Variety, the Children's Charity is an organisation founded in Pittsburgh, Pennsylvania on October 10, 1927, when a group of eleven men involved in show business set up a social club which they named the "Variety Club". On Christmas Eve 1928, a small baby was left on the steps of the Sheridan Square Film Theatre, with a note reading:
Please take care of my baby. Her name is Catherine. I can no longer take care of her. I have eight others. My husband is out of work. She was born on Thanksgiving Day. I have always heard of the goodness of showbusiness people and pray to God that you will look after her. Signed, a heartbroken mother.
Since efforts to trace the mother failed, the members of the Variety Club named the child Catherine Variety Sheridan, after the club and the theatre on whose steps she was found, and undertook to fund the child's living expenses and education. Later the club decided to raise funds for other disadvantaged children.
The discovery of the baby inspired the Paramount Pictures film Variety Girl (1947).
In May 1947, a group of members of the Variety Club of New England, toured Sidney Farber's lab at Children's Hospital Boston, where Farber studied childhood leukemia. As a result of this tour, the group's leader, Bill Koster, and Farber ended up founding the Children's Cancer Research Fund in order to raise money and sponsor research into forms of cancer affecting children.
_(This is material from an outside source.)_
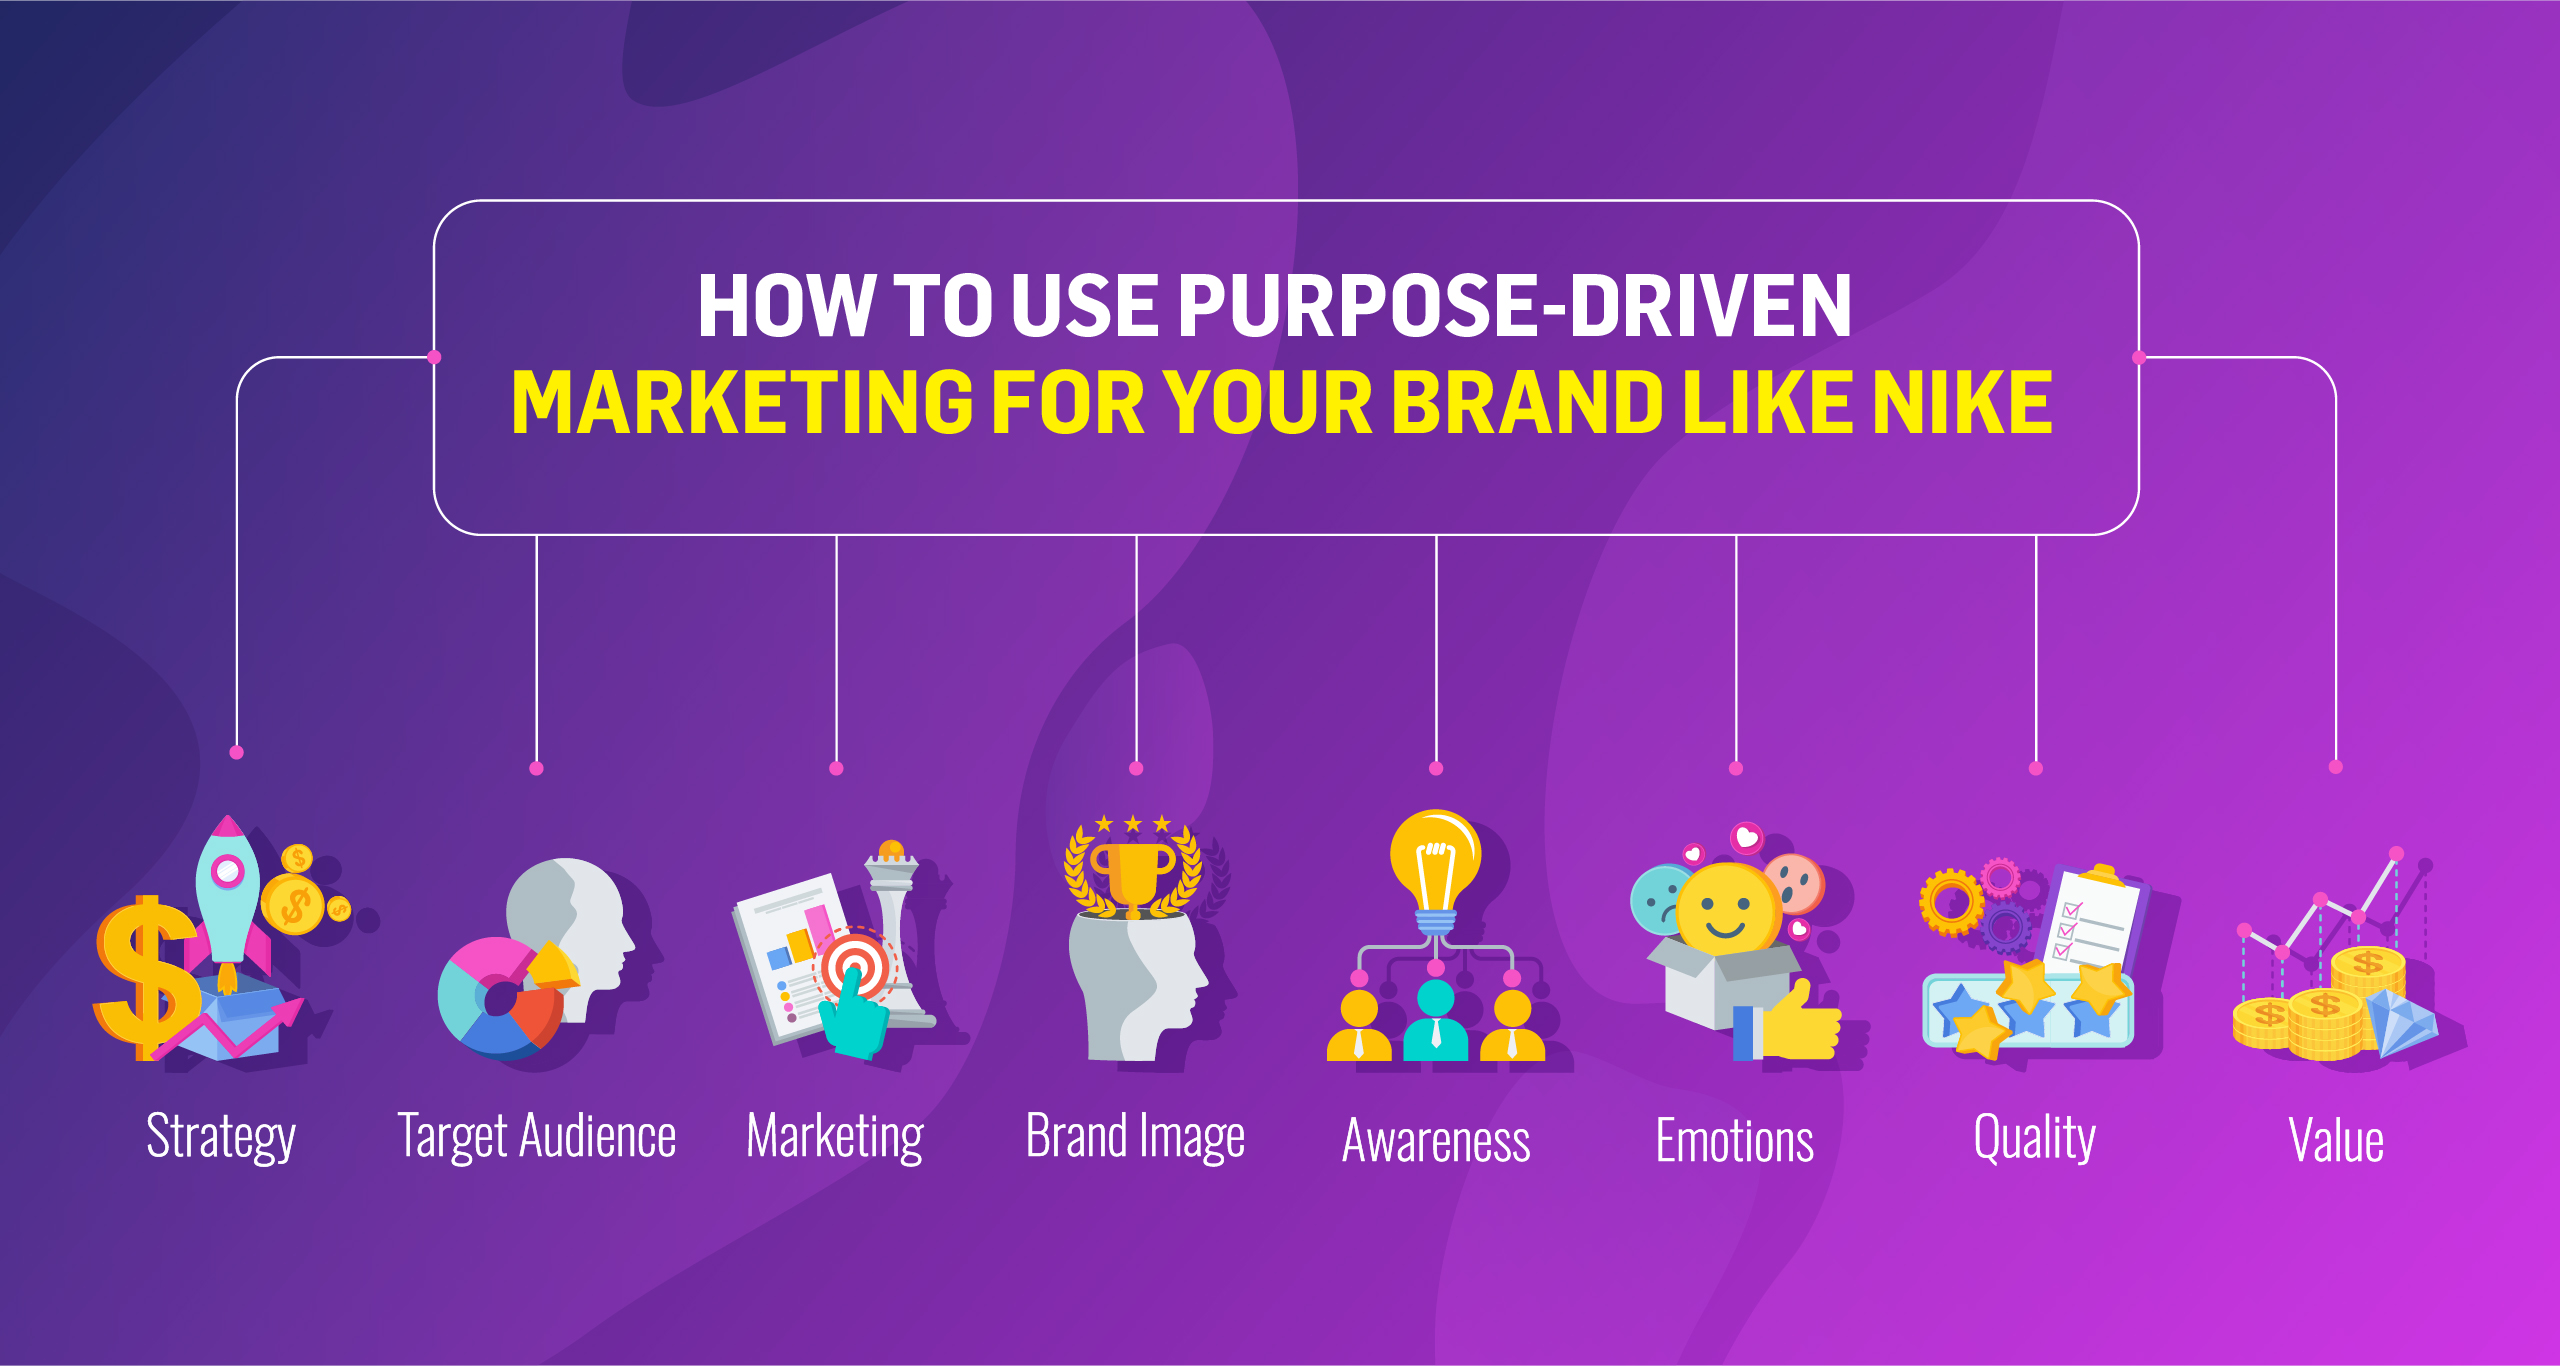 How to Use Purpose-Driven Marketing for Your Brand like Nike
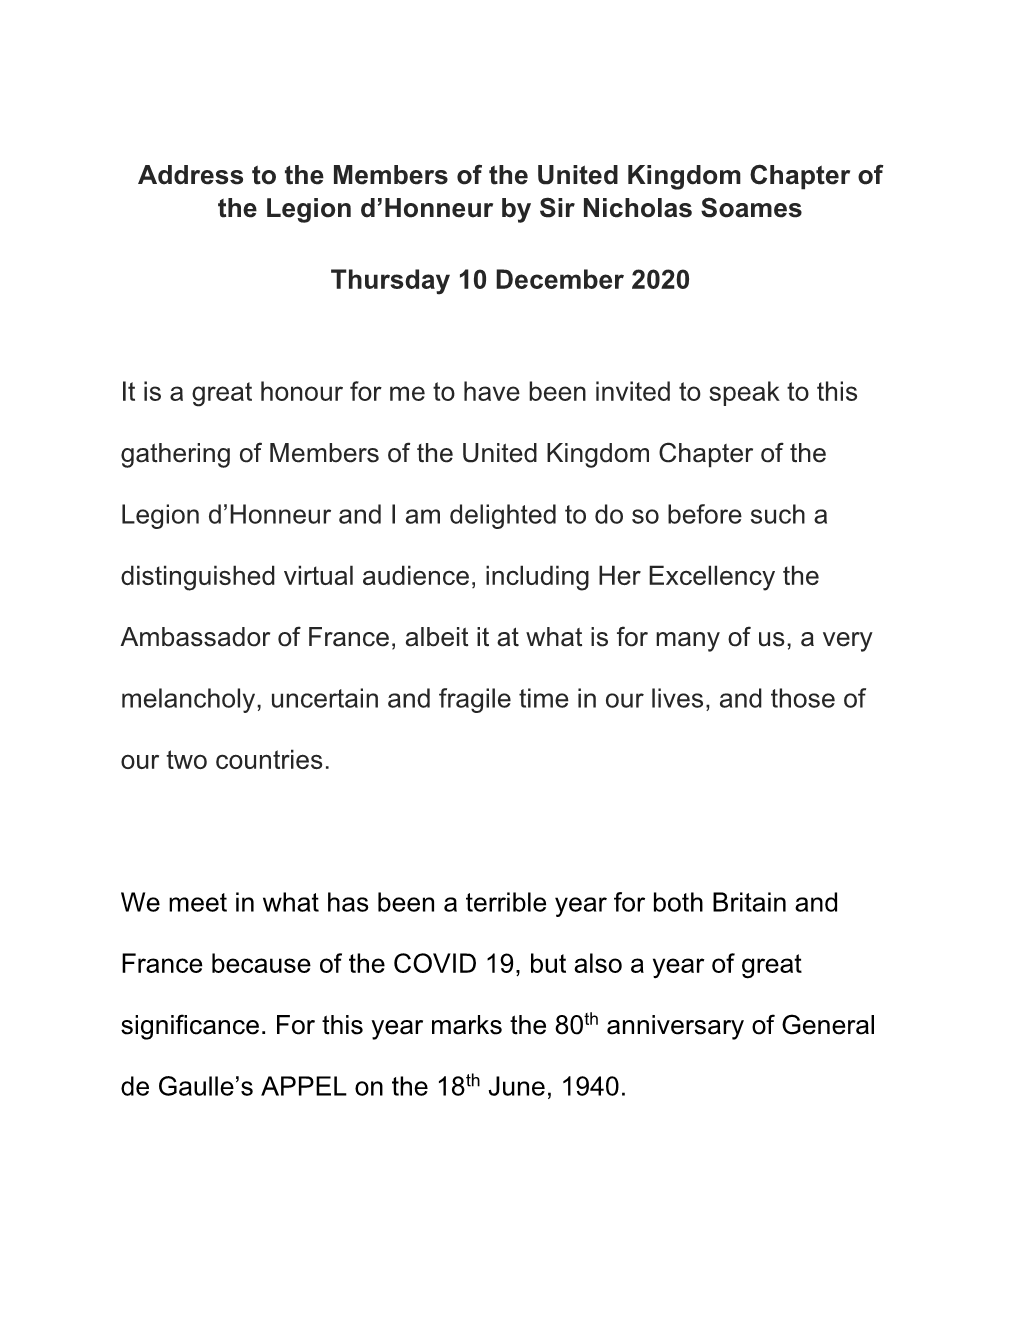 Address to the Members of the United Kingdom Chapter of the Legion D’Honneur by Sir Nicholas Soames

The two men also founded The Jimmy Fund, which raises money for the Dana–Farber Cancer Institute.
From its origins in the world of show business, Variety often uses carnival and circus terminology. For instance, a local or national chapter of the charity is known as a "tent", and the main board of trustees and others of a particular tent is called the Crew. This is named after those who erected the old circus tents or nowadays provide the various technical experts to make a film or stage a live production. The chairman of the board is called the Chief Barker, after the man who drummed up customers at the fairground.